Modern Off-Target Profiling: The Murderous Reality Behind Clean Safety Panels

The Easy Hurdle That Kills Programs

A drug candidate can clear the standard off-target panel and still be a bad clinical bet. That is the uncomfortable truth many development teams, boards, and investors prefer not to say out loud. A 44-target or 47-target screen may show that a molecule avoided the obvious historical liabilities, but it does not prove that the molecule is clean, well-behaved, or tolerable in real human use. The standard panel is a useful early tool, but you must remember that it’s a rather narrow window. It checks only the usual suspects, not the whole crime scene. Eurofins’ SafetyScreen44, for example, was designed around 44 selected targets recommended by four major pharmaceutical companies and includes important liabilities such as hERG, 5-HT2B, transporters, ion channels, nuclear receptors, and selected enzymes. That is valuable, but it is not a full biological interrogation.

This is where management teams can accidentally create a murderous form of false confidence. The molecule “passed,” the slide turns green, and the project moves forward. But in Phase 3, any number of green slides mean nothing. In a JAMA Internal Medicine analysis of 640 novel therapeutics entering phase 3 or other pivotal testing, 54% failed in clinical development. Among those failures, 57% were attributed to inadequate efficacy and 17% to safety concerns. That does not mean every failure was caused by off-target biology, but it does prove the broader point: late-stage development punishes assumptions that should have been challenged earlier. The paper’s exact count is: 344 failed agents, of which 59 failed because of safety concerns. That is why modern off-target profiling belongs in the boardroom vocabulary, not just the discovery team’s methods list. An estimate means that a whopping $2.832 billion was wasted by not investigating off-target effects better before the clinical trials even began…

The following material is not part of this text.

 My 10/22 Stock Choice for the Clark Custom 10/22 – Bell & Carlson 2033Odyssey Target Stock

Tolerability Is Not Drug Safety’s Softer Cousin

Safety is often discussed as if it means “does it trigger a dramatic adverse event?” Tolerability is subtler and, in many commercial contexts, deadlier. A medicine taken once in a hospital setting has a different risk equation from a medicine taken every day for years by patients who have jobs, families, comorbidities, other prescriptions, and very little patience for nausea, fatigue, dizziness, sleep disruption, cognitive fog, gastrointestinal irritation, or quiet laboratory abnormalities. For chronic or preventive therapies, small off-target sins become recurring invoices. Biology collects those with interest that keeps compounding.

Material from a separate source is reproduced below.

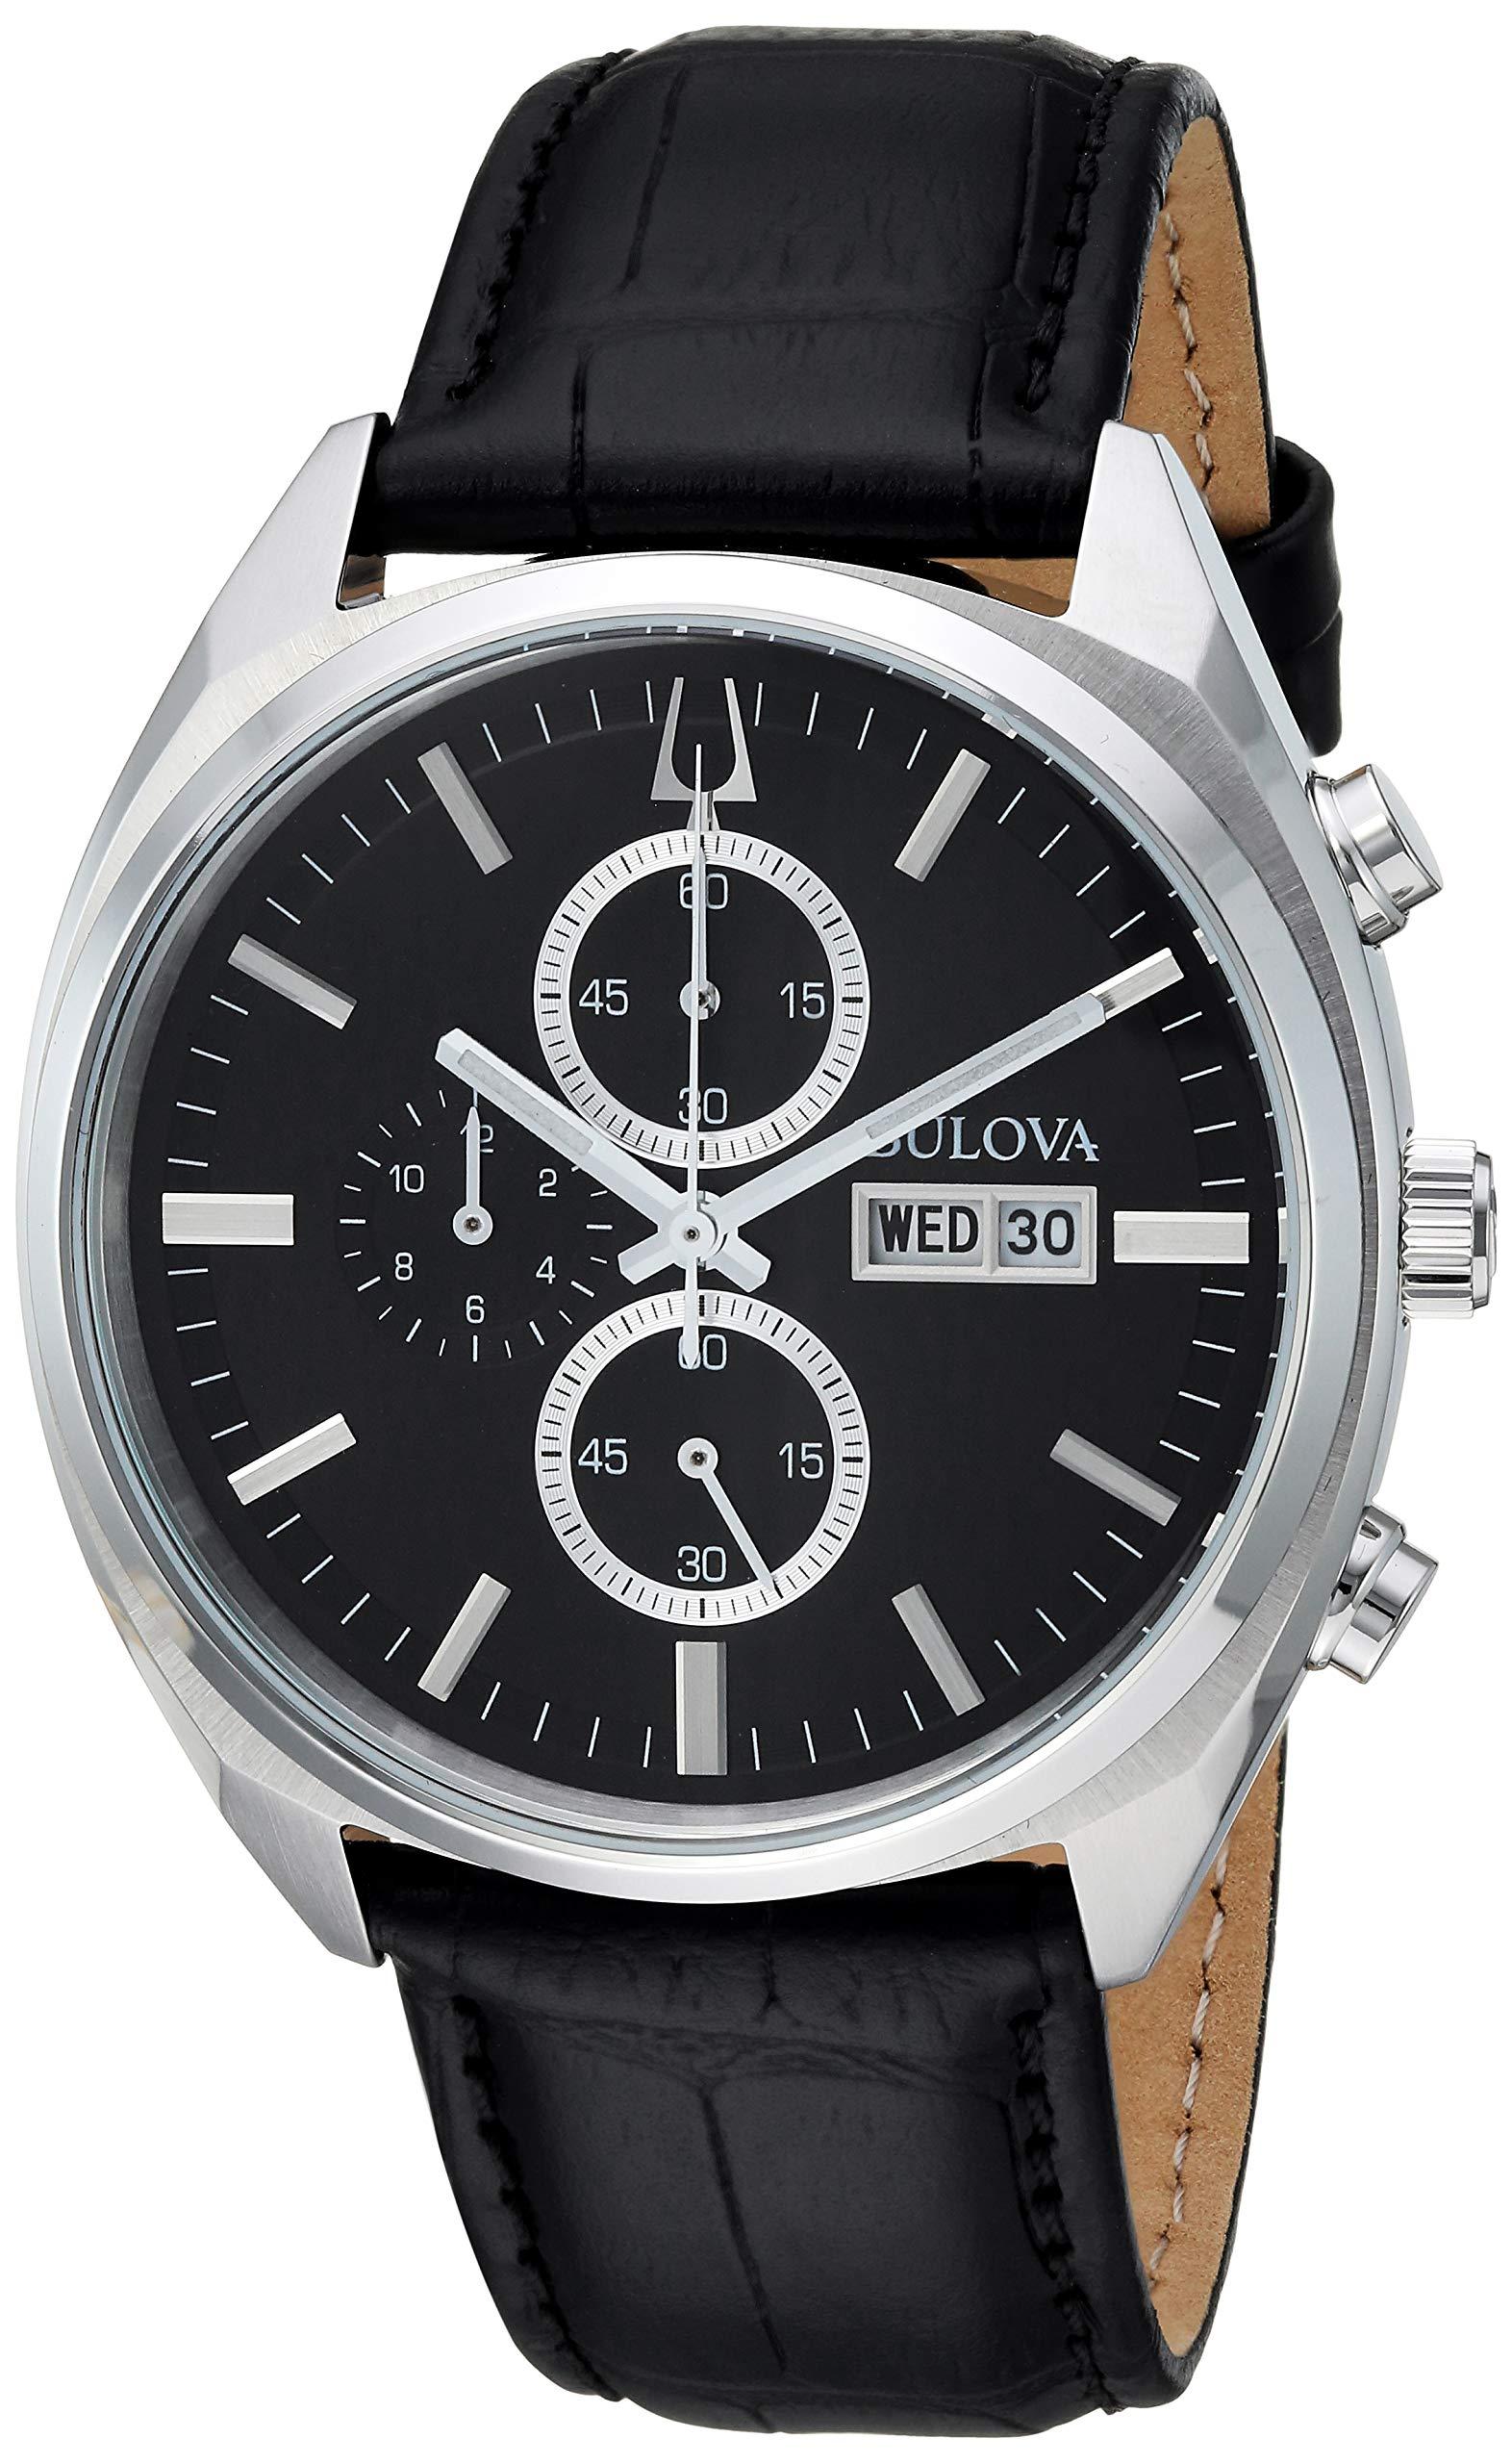 Bulova Mens Chronograph Quartz Watch with Leather Strap 96C133

Regulators already understand that duration matters. ICH M3(R2) states that the recommended duration of repeated-dose toxicity studies is usually related to the duration, therapeutic indication, and scope of the proposed clinical trial, and that animal toxicity studies should generally equal or exceed the duration of human clinical trials up to recommended limits. ICH S7A also makes clear that cardiovascular, respiratory, and central nervous systems are core life-supporting priorities, while other organ systems may become especially important depending on patient population and intended use. That is exactly the point when making go/no-go decisions: the tolerability bar rises as administration becomes more frequent, longer, broader, or more elective. A tolerability nuisance in late-stage oncology may be manageable. The same nuisance in a long-term cardiometabolic, CNS, autoimmune, dermatology, or women’s health therapy can destroy adherence, differentiation, pricing power, and ultimately the asset’s value.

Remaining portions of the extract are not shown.